FaceDeer@fedia.io · 2 个月前

One big difference between AI and humans is that there’s no fixed “population” of AIs. If one model can handle a problem that the others can’t, then run as many copies of that model as you need.

It doesn’t matter how many models can’t accomplish this. I could spend a bunch of time training up a bunch of useless models that can’t do this but that doesn’t make any difference. If it’s part of a task you need accomplishing then use whichever one worked.

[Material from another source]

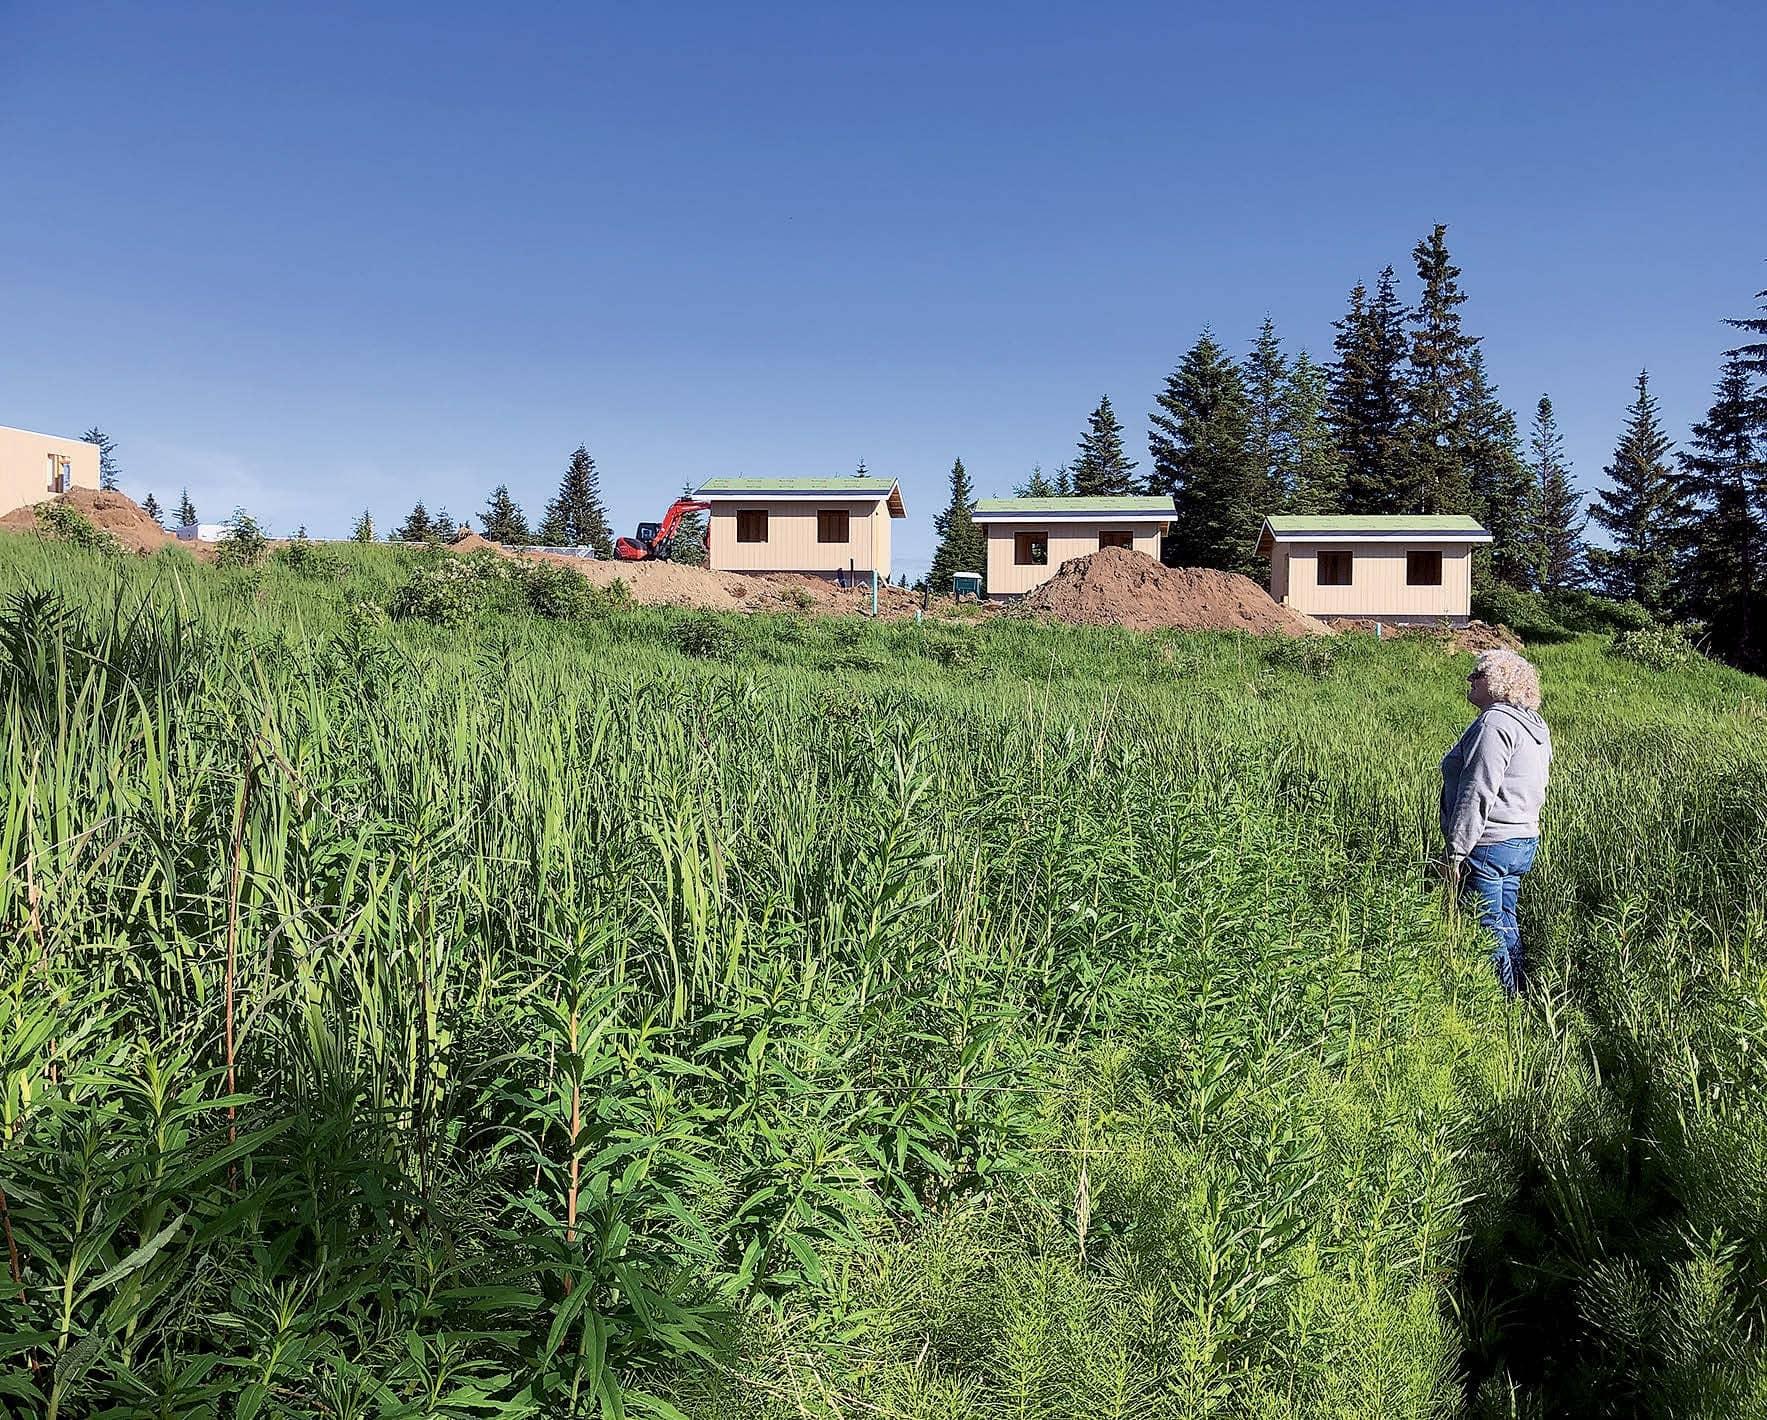 An Alaska Retreat For Women Writers

First_Thunder@lemmy.zip · 2 个月前

What this shows though is that there isn’t actual reasoning behind it. Any improvements from here will likely be because this is a popular problem, and results will be brute forced with a bunch of data, instead of any meaningful change in how they “think” about logic

MangoCats@feddit.it · 2 个月前

Plenty of people employ faulty reasoning every single day of their lives…

Bronzebeard@lemmy.zip · 2 个月前

The goal when building AI isn’t to replicate dumb humans

MangoCats@feddit.it · 2 个月前

Are you sure?

realitista@lemmus.org · 2 个月前

You’re getting downvoted but it’s true. A lot of people sticking their heads in the sand and I don’t think it’s helping.

FaceDeer@fedia.io · 2 个月前

Yeah, “AI is getting pretty good” is a very unpopular opinion in these parts. Popularity doesn’t change the results though.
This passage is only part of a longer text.